Yeah but what the heck they are paying FHC but not HC or SHC


----------



## foland20 (Apr 8, 2012)

treeman65 said:


> Yeah but what the heck they are paying FHC but not HC or SHC


I was wondering the same thing. I think last year they had HC in the program too.


----------



## stoz (Aug 23, 2002)

arrowblaster said:


> Good to see Elite paying in IBO for amateurs, that alone tops Mathews.


Apparently Mathews doesn't give a crap about us north east guys.


----------



## cabbage2009 (Apr 9, 2009)

foland20 said:


> I was wondering the same thing. I think last year they had HC in the program too.


Easy there foland20 you will get beat done if you compare this year to the previous year lol...


----------



## legion_archery (Mar 4, 2014)

Any company that offers large contingency $$$ are doing it for a couple of reasons....

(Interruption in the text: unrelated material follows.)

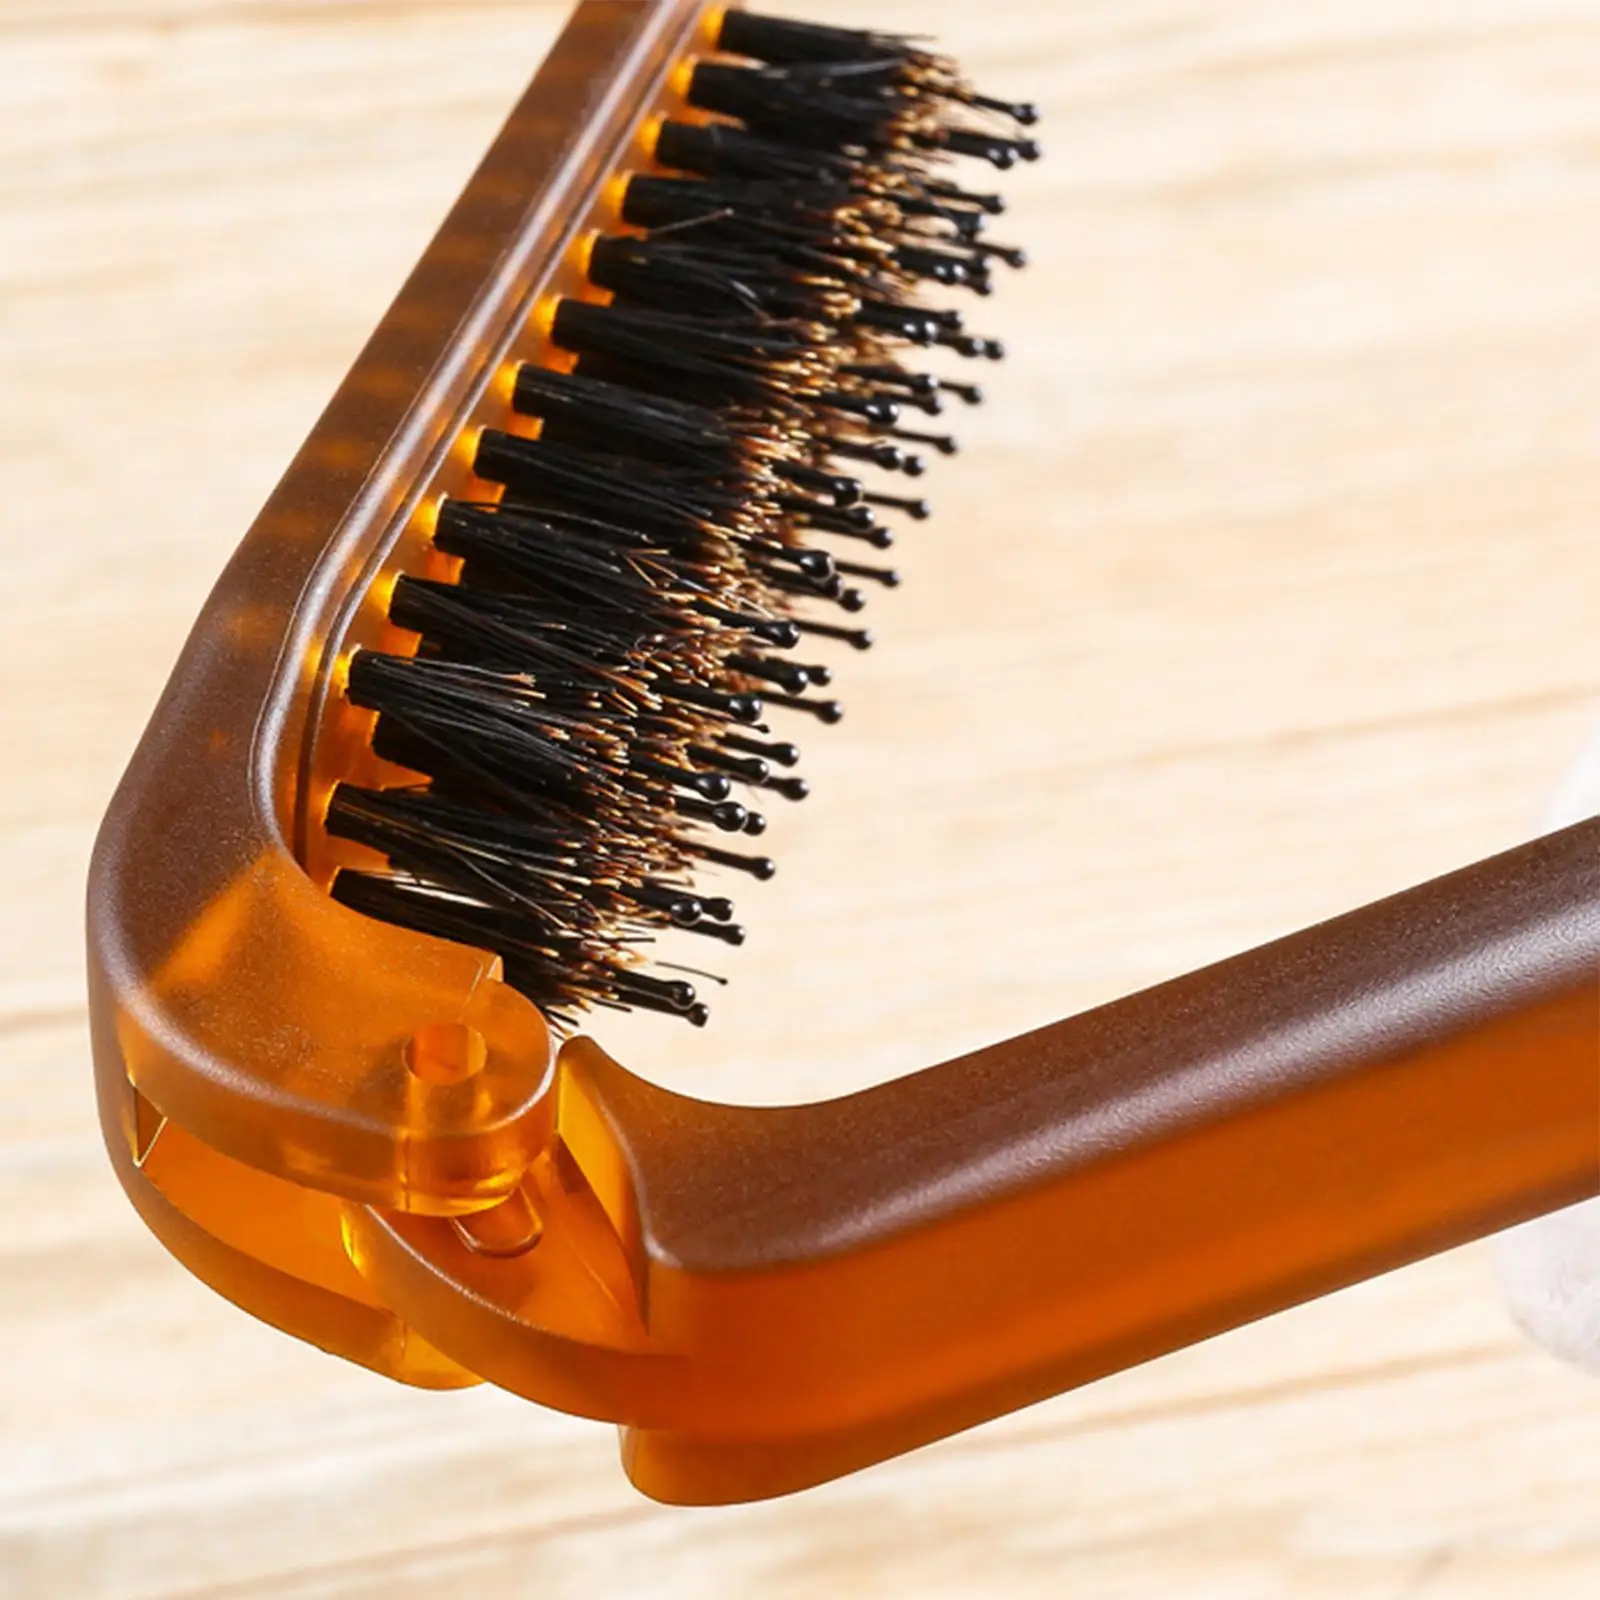 Folding Hair Brush Collapsible Styling Brush Hairdressing Tools Grooming & Combing for Purse Locker Family Car Men Women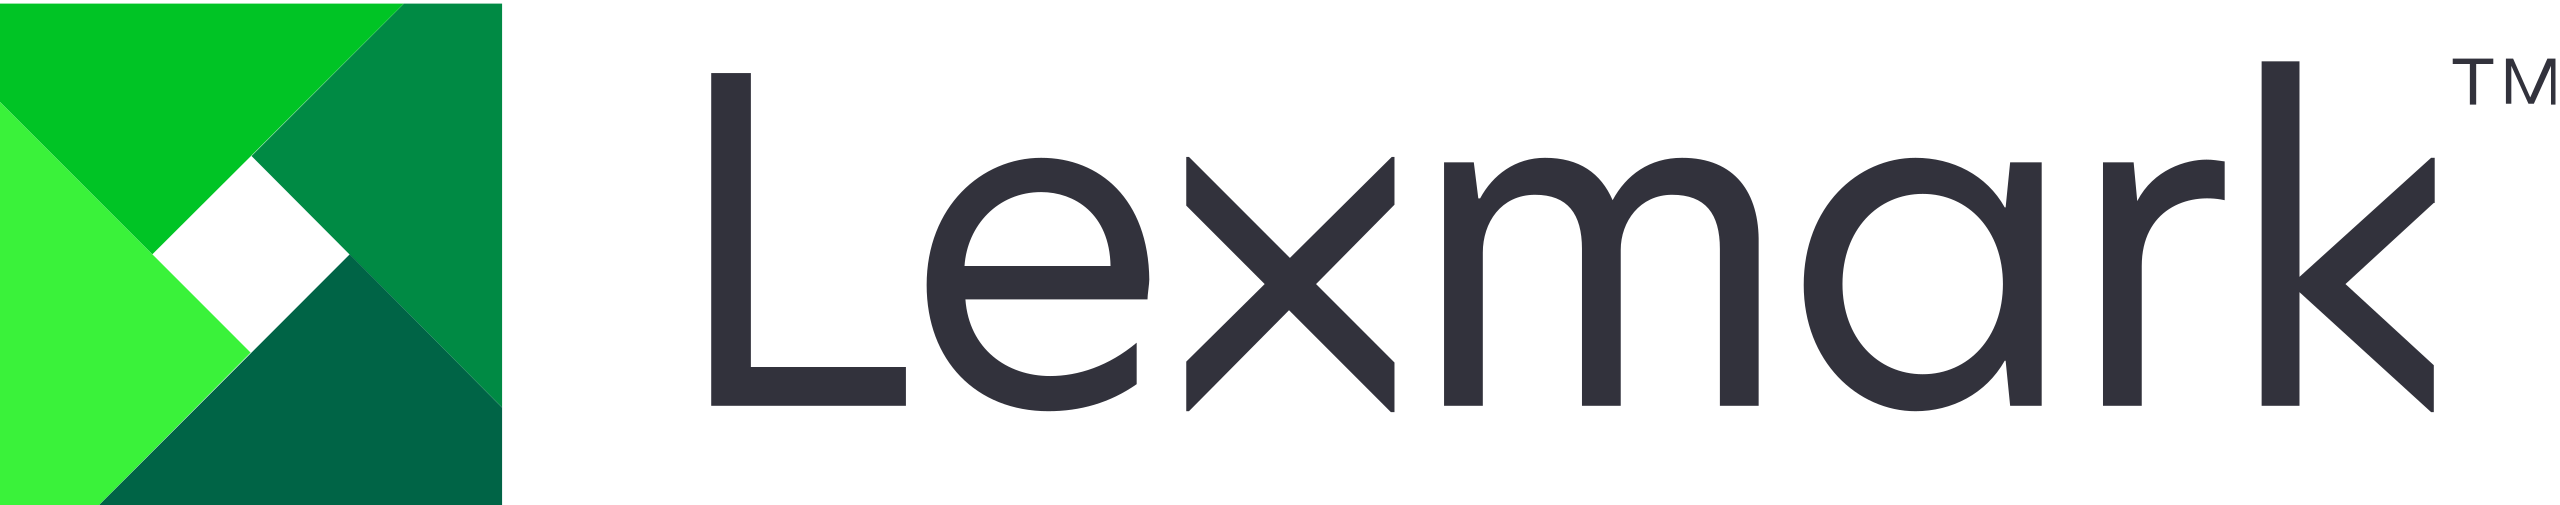 Lexmark-primary-logo.svg copy

#1.... They want people to see that they are offering that much $$$ which makes "you" want to buy one of their bows to try to compete with

#2..... People show up to a competition and see all the people shooting a certain bow brand and that makes them think "that bow brand must be the best" so they go buy that brand

#3 ...... It draws more people to the competitions to try to win the $$$ which supports Archery

It all boils down to the companies making more $$$


----------